*What needs to be done:* With the exception of the pictures, transcribe the entire listing exactly.

*Information supplied:*
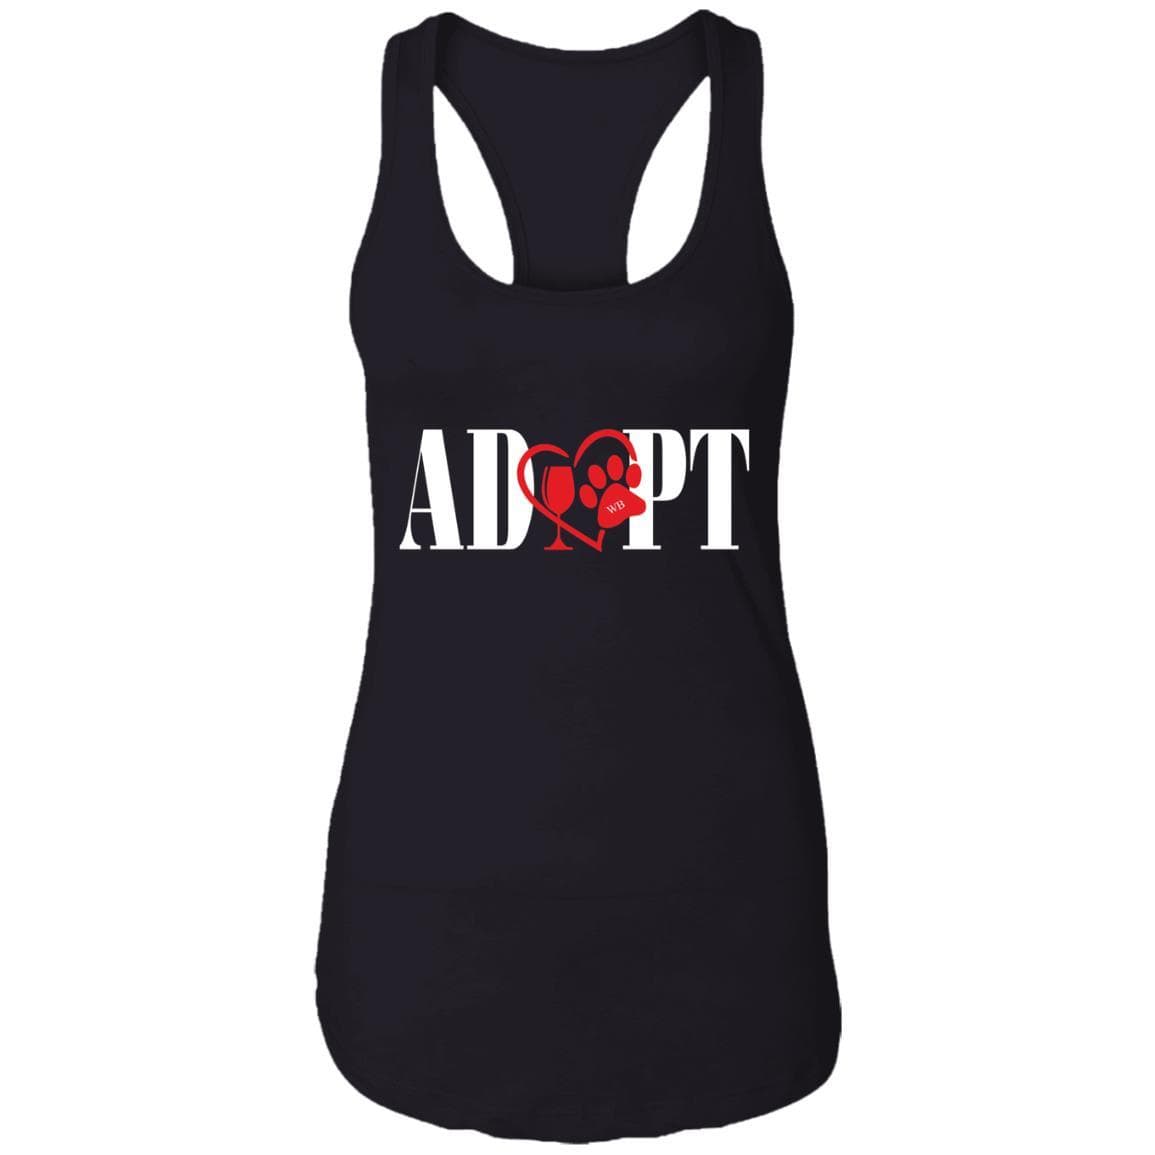 T-Shirts Black / X-Small WineyBitches.Co “Adopt” Ladies Ideal Racerback Tank-Red Heart - Wht Lettering WineyBitchesCo
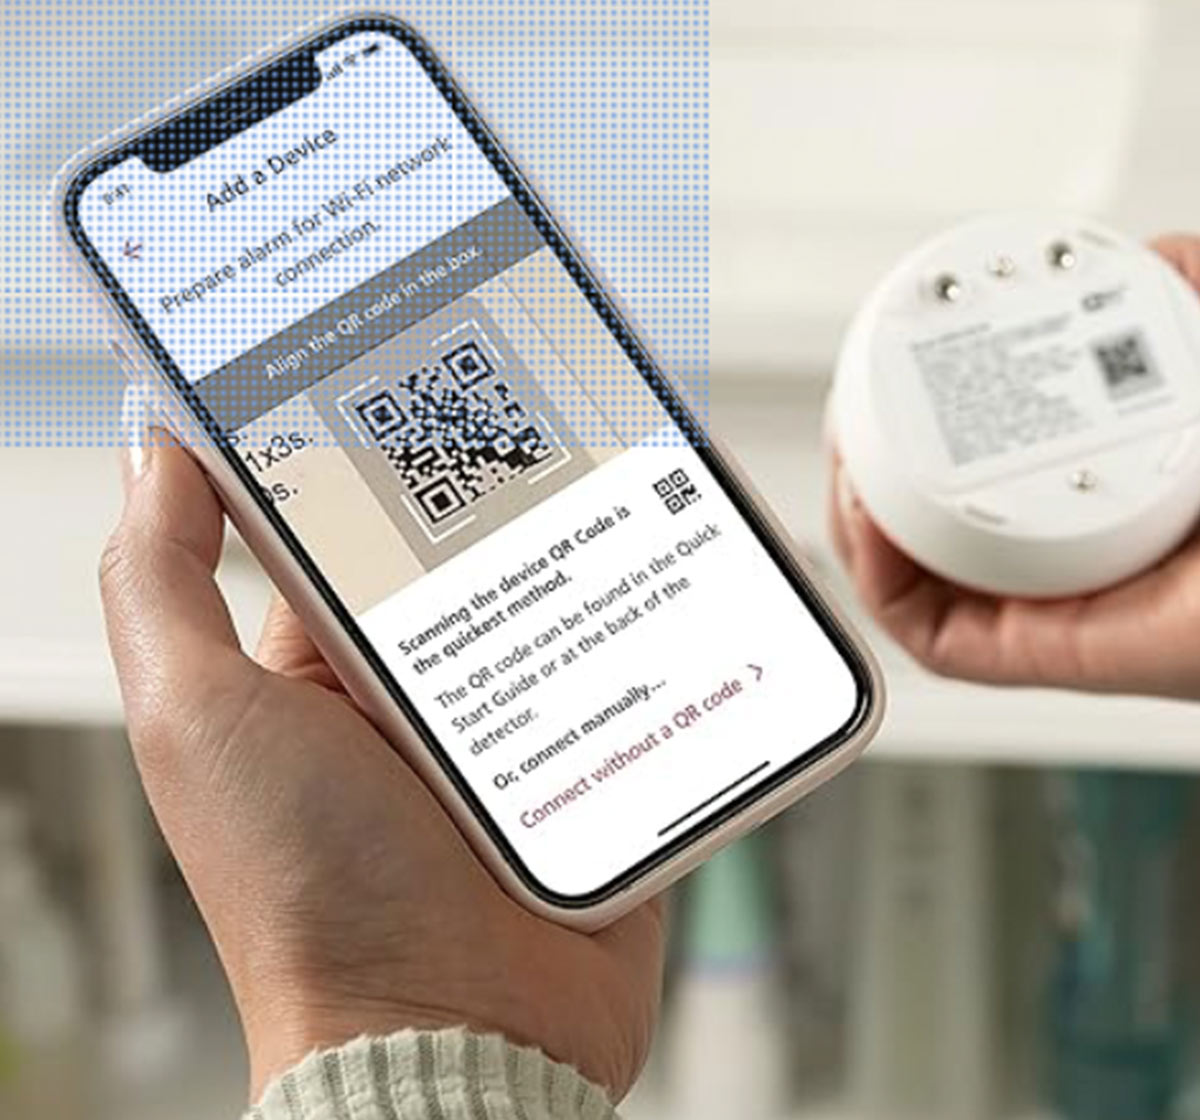 close view of a hand holding a smartphone displaying a QR code for Wi-Fi connection screen
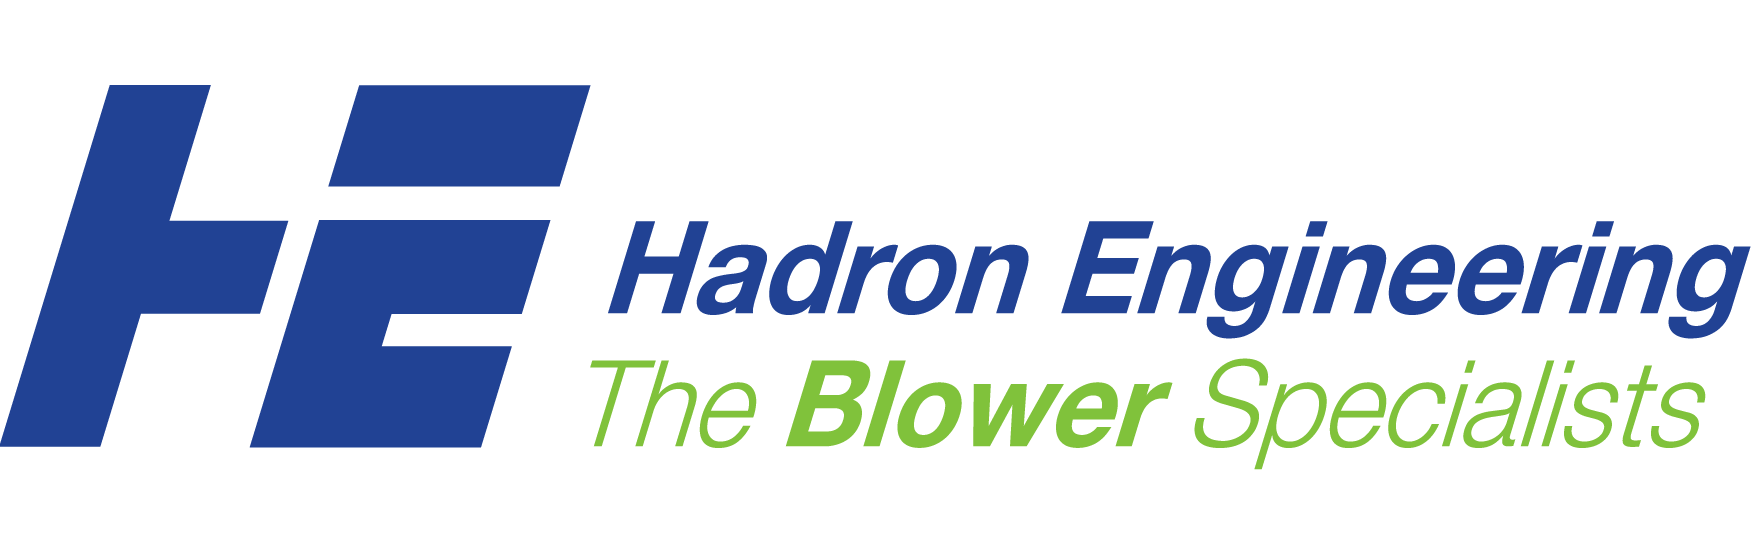 Hadron Engineering - The Blower Specialists
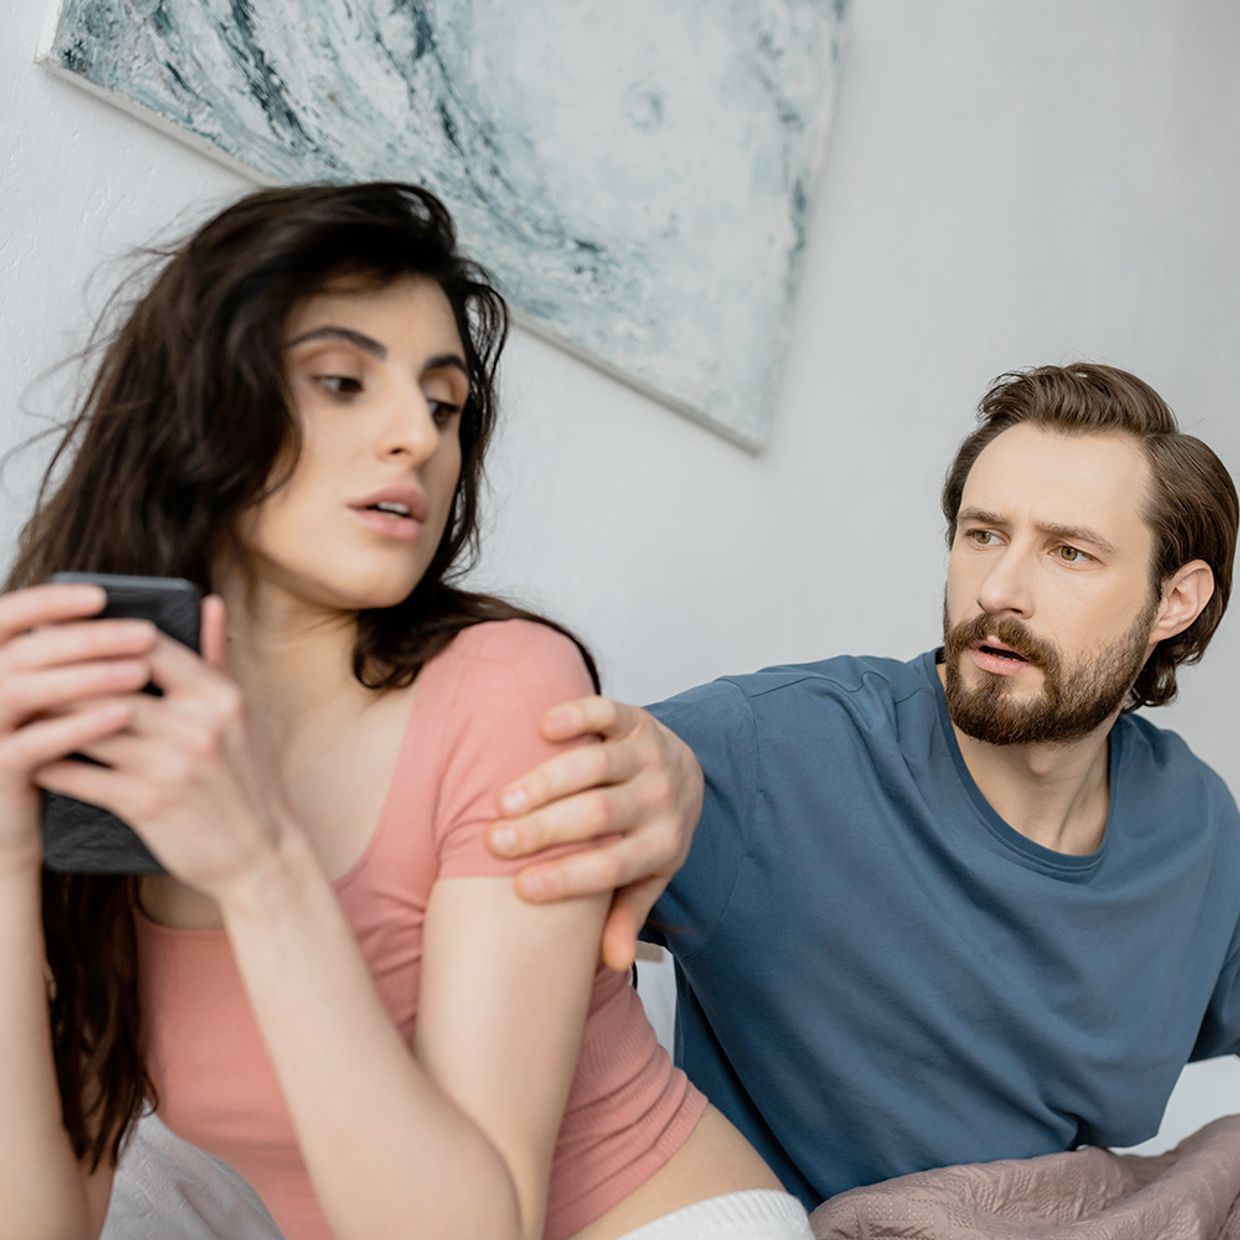 Can Relationship Work After Cheating?

*Response for this exercise:*
 T-Shirts Black / X-Small WineyBitches.Co “Adopt” Ladies Ideal Racerback Tank-Red Heart - Wht Lettering WineyBitchesCo
 close view of a hand holding a smartphone displaying a QR code for Wi-Fi connection screen
 Hadron Engineering - The Blower Specialists
 Can Relationship Work After Cheating?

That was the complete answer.